Viewing 7 reply threads
  • Author
    Posts
    • #338
      aswancer
      Participant

      Datacenter (core) services has a very broad scope with several major components including physical and logical protection, server management, database management and backups and restores. IT has four primary SLAs and one standard that are meant to address these components; 1. LoboCloud service 2. Database management service 3. Backup services 4. Co-Location Service and the datacenter standard. IT offers additional related services that can be found on the IT service catalog.

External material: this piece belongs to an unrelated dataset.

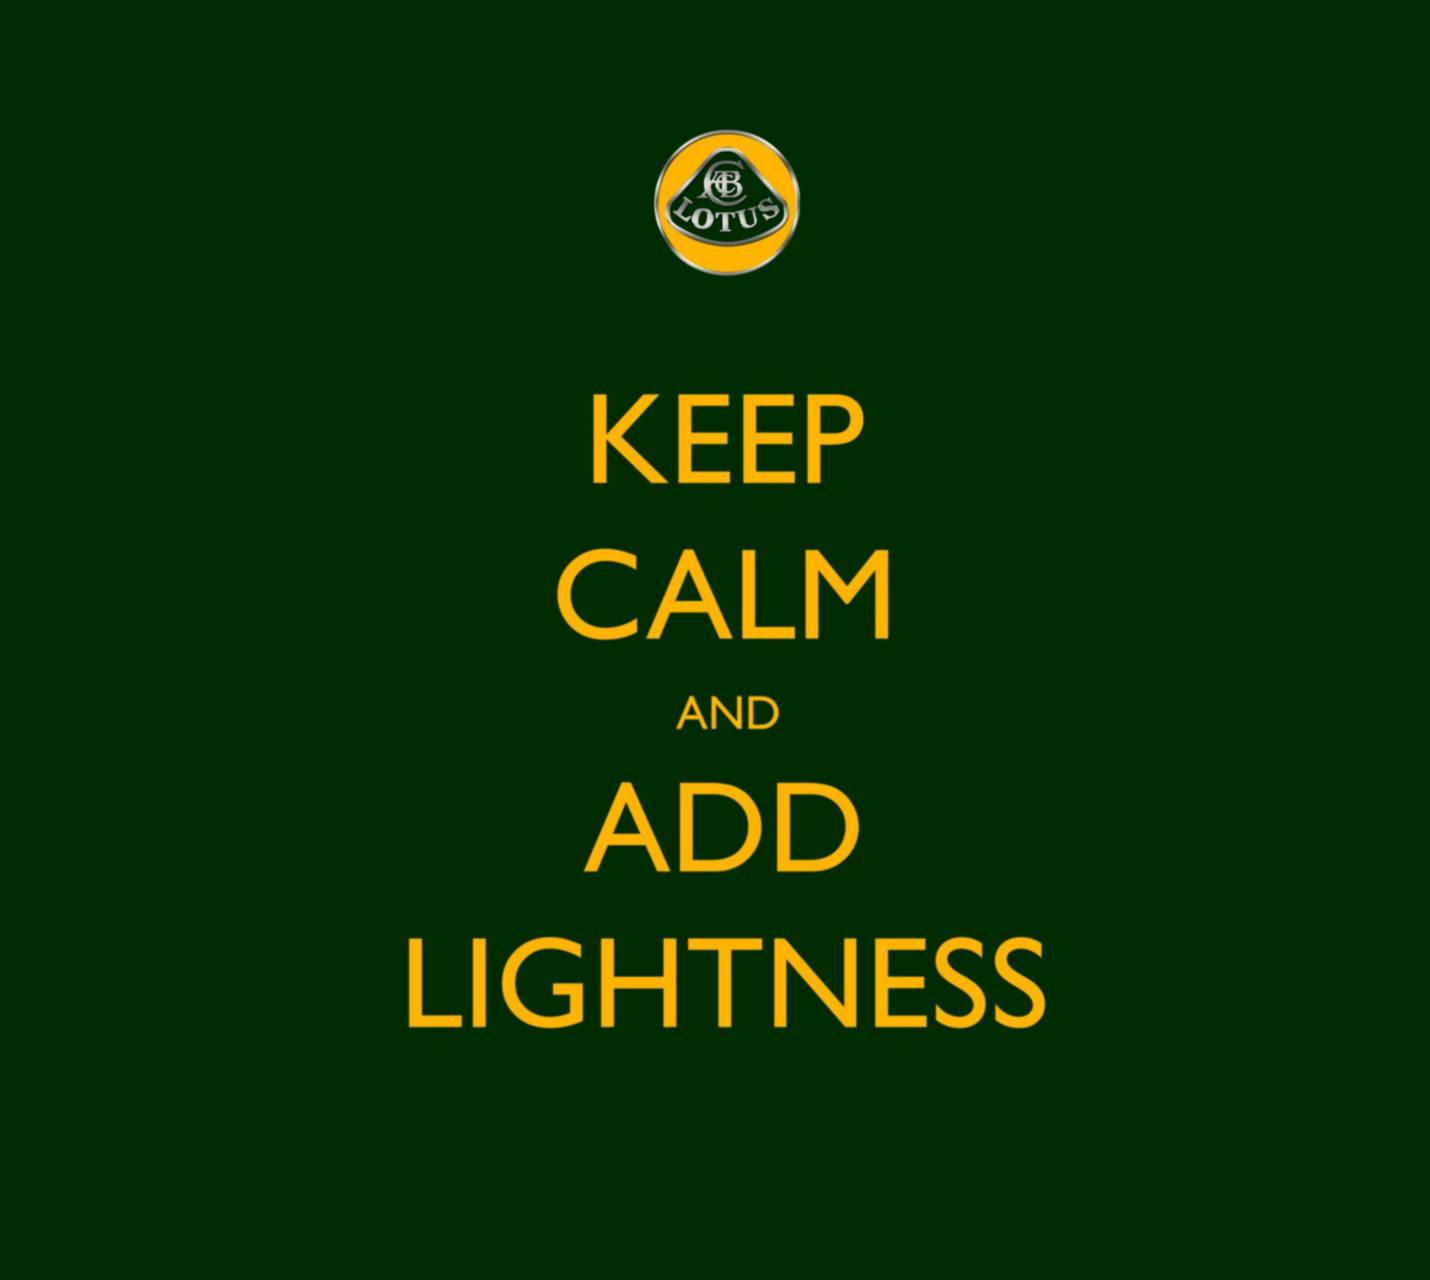 Lotus Keep Calm
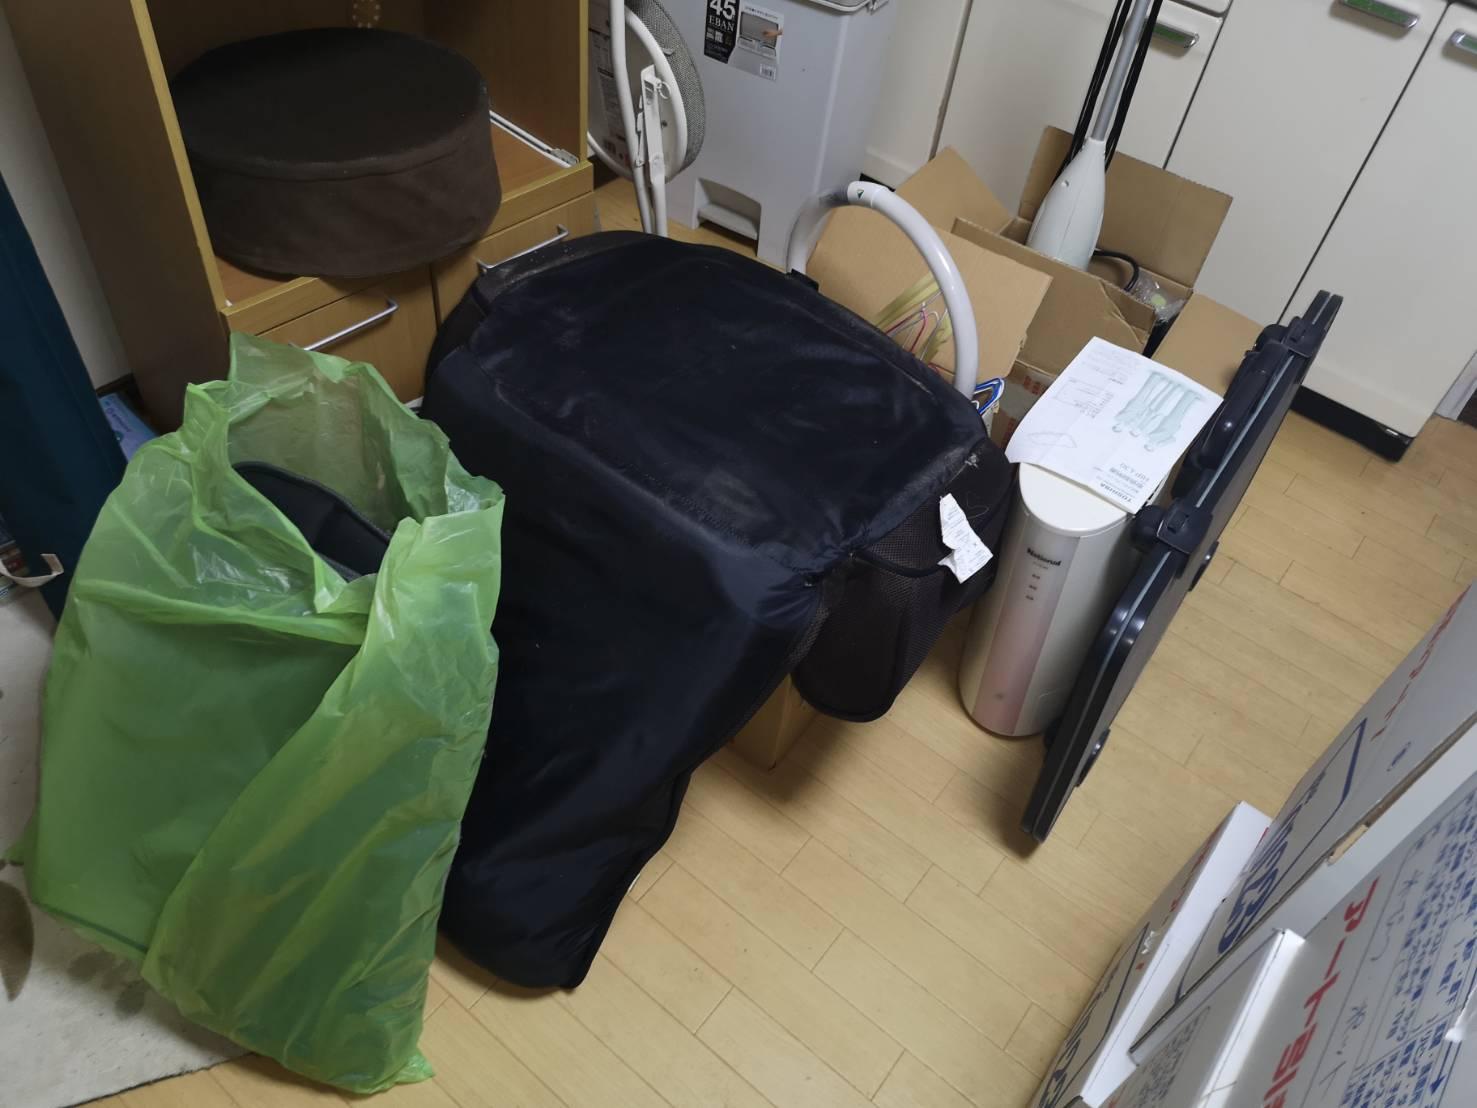 照明器具、座椅子、その他不用品の回収前

This SLA is specific to backup services.

    • #409
      elisha
      Participant

      1. It might be a good idea to specify in the General Overview what kinds of machines may take advantage of this.

      It says in 2.1 that it is “Available for data stored on servers connected on the campus network;” Does that mean any fixed computer in any location on the campus network, or do the servers have to live in the data center?

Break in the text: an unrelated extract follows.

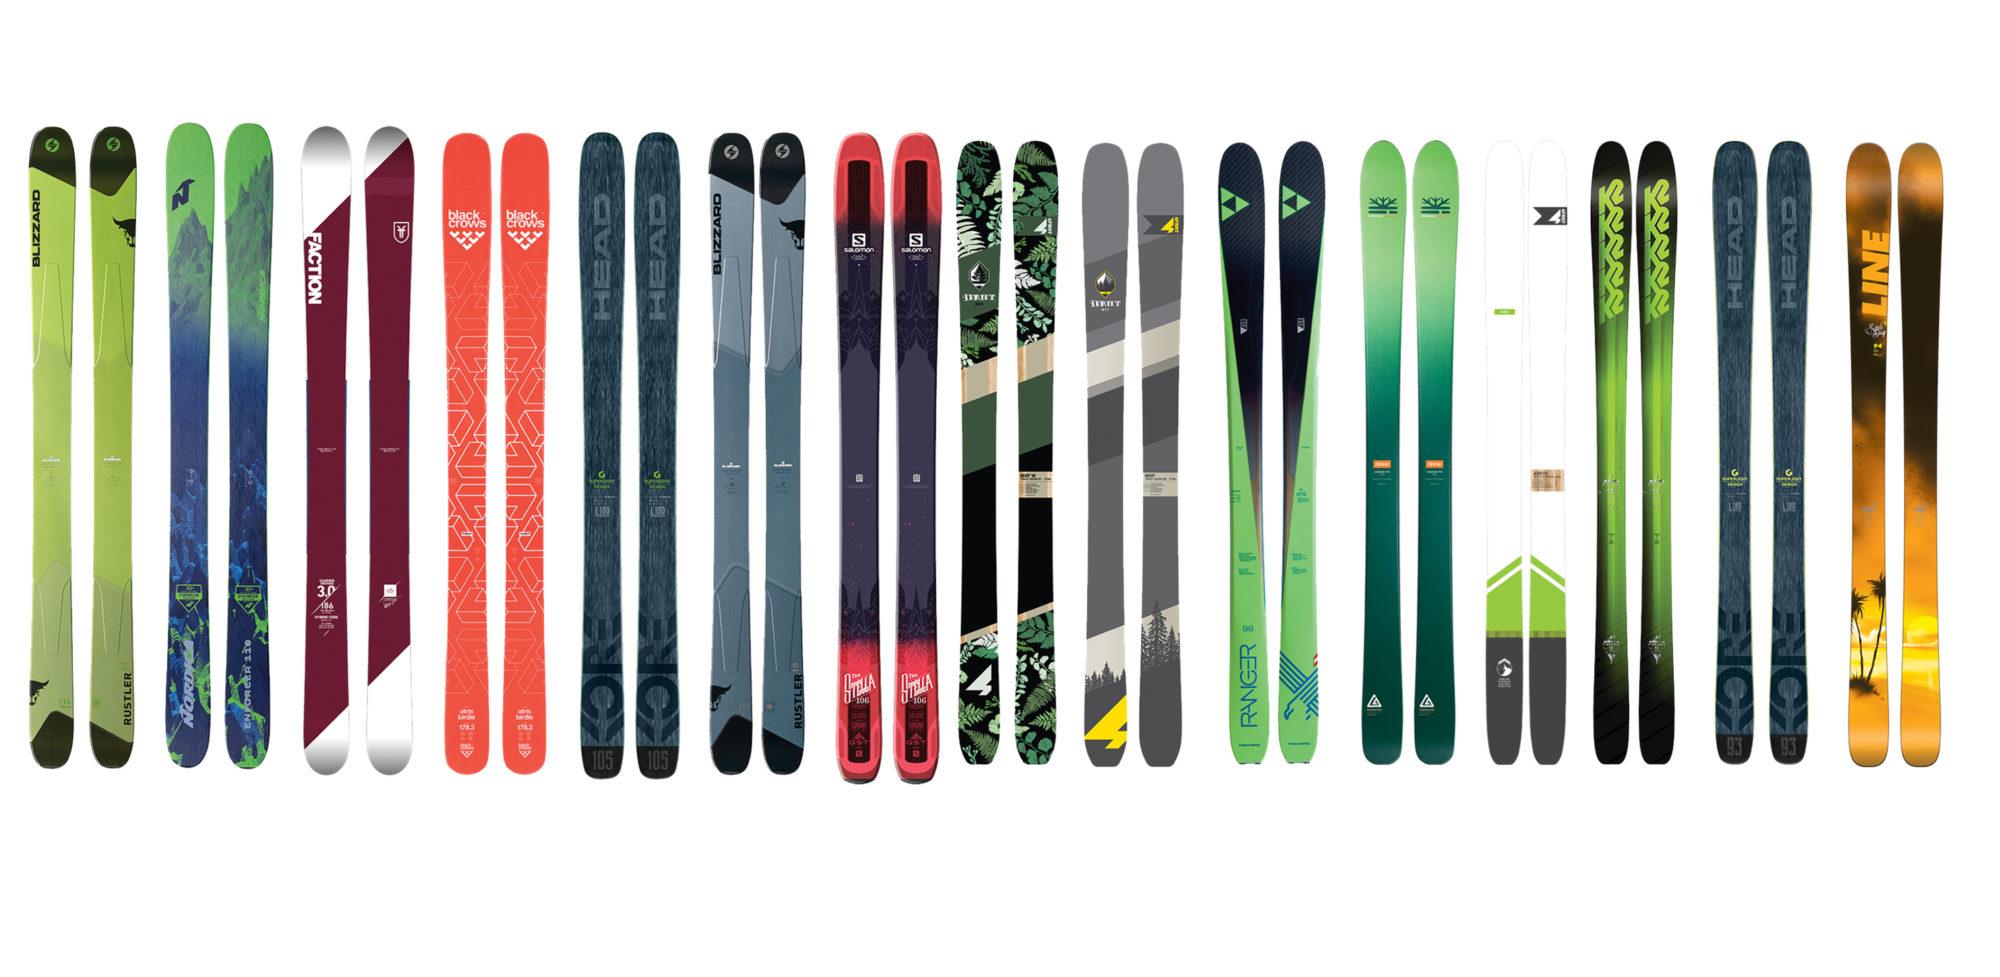 Femton par skidor i kategorierna Big Mountain och Allmountain. Foto  De  femton par skidorna i kategorierna Big Mountain och Allmountain. 2d52fb9e04

      Can the number of backups/duration of retention be extended?

      How far away from the data center is the offsite backup? Is it far enough away to safely assume data continuity in the face of a major regional disaster?

      How is the integrity of backups monitored/measured? Is that a UNM IT function or an End User one?

      Are on-demand snapshots possible?

      2.1.1 – “Maintain and ensure devices have up-to-date virus/malware and protection and operating system
      (critical) updates installed within one week of vendor distribution;” This is not always possible for major systems.

      2.1.2 – “Customers must purchase additional storage prior to exceeding capacity;” is there monitoring that notifies end users when limits are being approached?

      2.2.2 – same question as I have on other SLAs regarding selection of 99.9% uptime for this service, how it is measured, etc. Are new backups triggered automatically when they fail due to backup service downtime?

      • #425
        bpietrewicz
        Keymaster

        Elisha,

        Thanks for taking the time to comment.  

        Q: It might be a good idea to specify in the General Overview what kinds of machines may take advantage of this.

        A: Section 2.1 bullet 2 specifies Windows, Unix and Linux operating systems are supported.

        Q: It says in 2.1 that it is “Available for data stored on servers connected on the campus network;” Does that mean any fixed computer in any location on the campus network, or do the servers have to live in the data center?

        A: The backup client will work for any system connected to a wired port on the campus network.  The system does not need to be in the datacenter.  Performance will vary based on available bandwidth. 

        Q: Can the number of backups/duration of retention be extended?

        A: It can but only but only by exception and only in extraordinary circumstances.  Our current backup system is limited in its capabilities.  We have purchased a new backup system and we are in the processes of implementing it.  The new system is far more flexible.  Look for enhancements in the near future.   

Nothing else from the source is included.